Prove that $\frac{x_1}{1+x_2+x_3+\ldots+x_n}+\frac{x_2}{1+x_1+x_3+\ldots+x_n}+\ldots+\frac{x_n}{1+x_1+x_2+\ldots+x_{n-1}}\ge\frac{n}{2n-1}$.
For any $x,y \in (0,2)$, we have $$\frac{x}{2-x} - \frac{y}{2-y} = \frac{2(x-y)}{(2-x)(2-y)} = 2\left(\frac{x-y}{2-y}\right)\left[\left(\frac{1}{2-x} - \frac{1}{2-y}\right) + \frac{1}{2-y}\right] = 2\left(\frac{x-y}{2-y}\right)\left[\frac{x-y}{(2-x)(2-y)} + \frac{1}{2-y}\right] = \frac{2(x-y)^2}{(2-x)(2-y)^2} + \frac{2(x-y)}{(2-y)^2} \ge \frac{2(x-y)}{(2-y)^2} $$ Substitute $x$ by $x_i$ and $y$ by $\frac{1}{n}$ and then sum over $i$, we get
$$ \sum_{i=1}^n \frac{x_i}{2-x_i} - \frac{n}{2n-1} = \sum_{i=1}^n \left(\frac{x_i}{2-x_i} -\frac{\frac{1}{n}}{2-\frac{1}{n}}\right) \ge \frac{2}{(2-\frac{1}{n})^2}\sum_{i=1}^n \left( x_i - \frac{1}{n}\right) = \frac{2}{(2-\frac{1}{n})^2} \left(\sum_{i=1}^n x_i - 1 \right) = 0$$ The steps look almost magical. How do I come up with that? The answer is we are using Jensen's inequality from behind.
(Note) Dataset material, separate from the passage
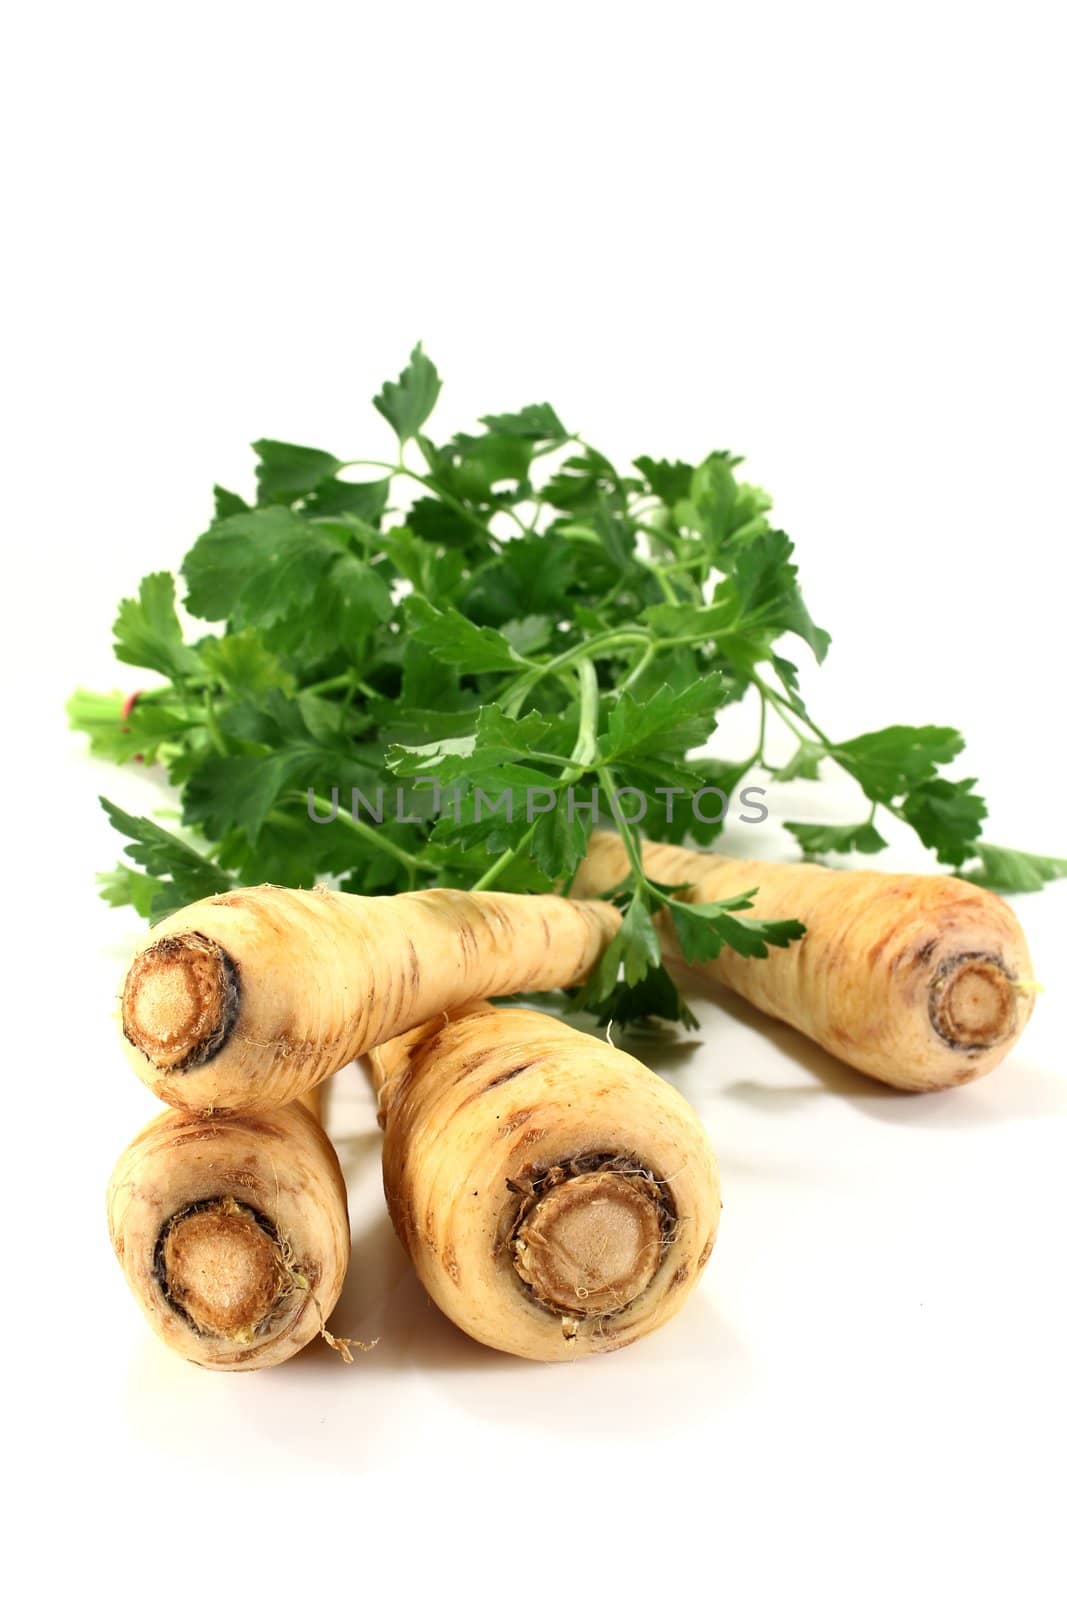 Parsnip and parsley on a white background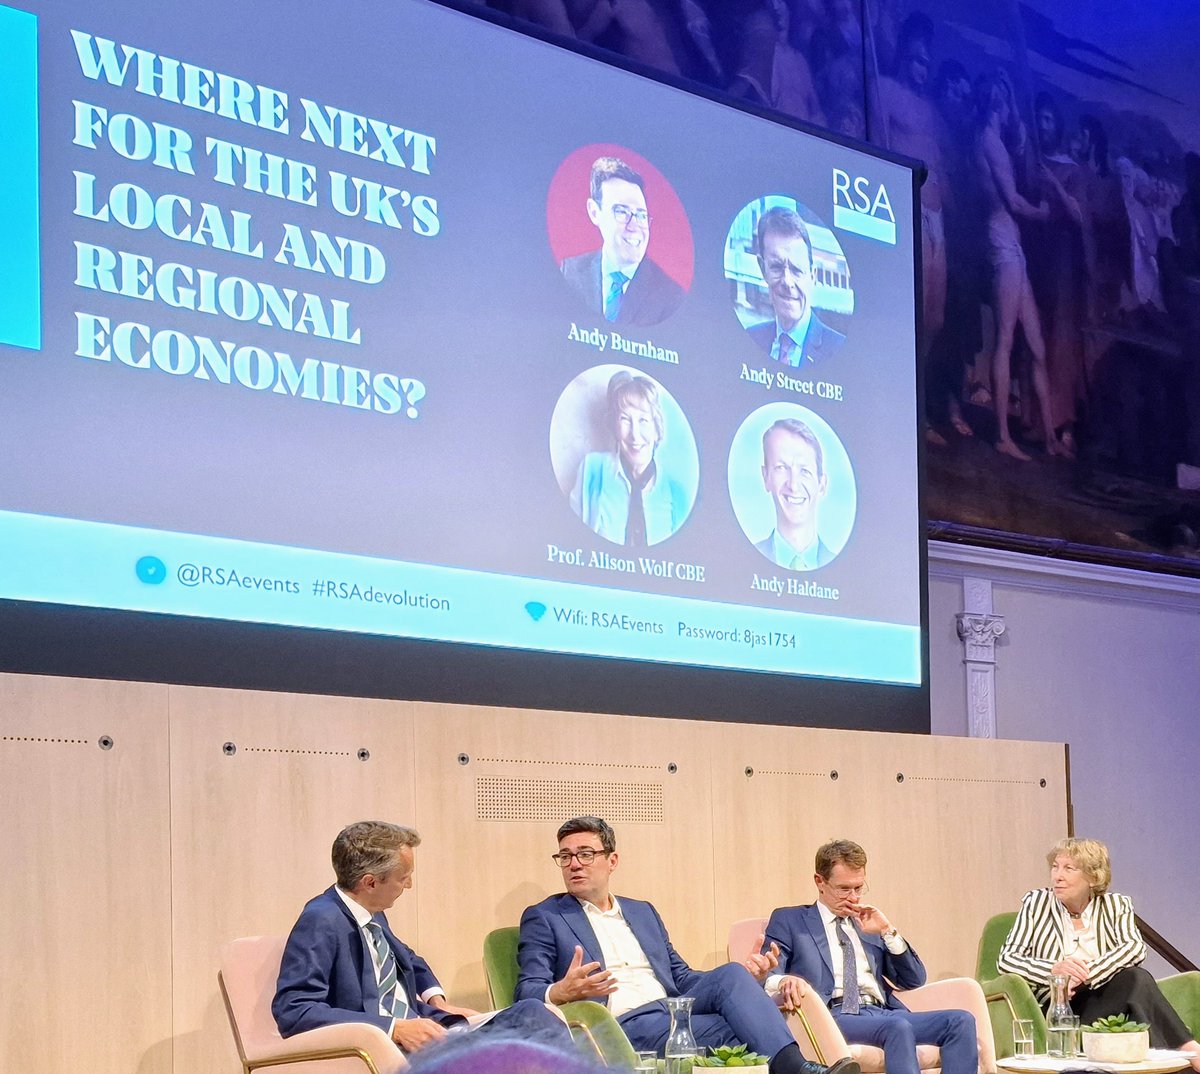 'The race to net zero can only be won bottom up' @AndyBurnhamGM as @andy4wm calls out unique ability for devolution to deliver the retrofit needed. Net zero focus critical for our region with the global transition to the new economy #RSAdevolution

Jensen's inequality is actually more generic and applicable beyond differentiable functions. If you have any function $f(x)$ whose graph curved up on both side at every point, then Jensen's inequality works. Such functions are called convex functions. For any convex function $f(x)$, Jensen's inequality tells us:
$$\frac{1}{n} \sum_{i=1}^n f(x_i)\;\;\ge\;\; f(\frac{1}{n} \sum_{i=1}^n x_i)$$
This means if you want to verify $\sum_{i=1}^n f(x_i) \ge$ some number $M$. You just need to check what happens when all $x_i$ are equal to each other.
In this case, we are told we cannot use Jensen's inequality. So we expand our target function $f(x_i)$ around $\frac{1}{n}$, the mean of the $x_i$'s, and we are sure after we cancel the linear parts, the rest of the expansion will be non-negative.
Writing ${\displaystyle {x_i \over 2 - x_i} = -1 + {2 \over 2 - x_i}}$, you have $$\frac{x_1}{2-x_1} + \frac{x_2}{2-x_2} +\ldots + \frac{x_n}{2-x_n} = -n + \frac{2}{2-x_1} + \frac{2}{2-x_2} +\ldots + \frac{2}{2-x_n}$$ So it suffices to show $$ \frac{2}{2-x_1} + \frac{2}{2-x_2} +\ldots + \frac{2}{2-x_n} \geq n + \frac{n}{2n-1}$$ This is the same as $$\frac{1}{2-x_1} + \frac{1}{2-x_2} +\ldots + \frac{1}{2-x_n} \geq \frac{n^2}{2n - 1}$$ Letting $y_i = 2 - x_i$, this is the same as showing $$\frac{1}{y_1} + \frac{1}{y_2} +\ldots + \frac{1}{y_n} \geq \frac{n^2}{2n - 1}$$ The condition $\sum_i x_i = 1$ translates into $\sum_i y_i = 2n - 1$. By the arithmetic-harmonic mean inequality, $$n\bigg(\frac{1}{y_1} + \frac{1}{y_2} +\ldots + \frac{1}{y_n}\bigg)^{-1} \leq {1 \over n}\sum_i y_i $$ $$= {2n - 1 \over n}$$ This is equivalent to what you want to show.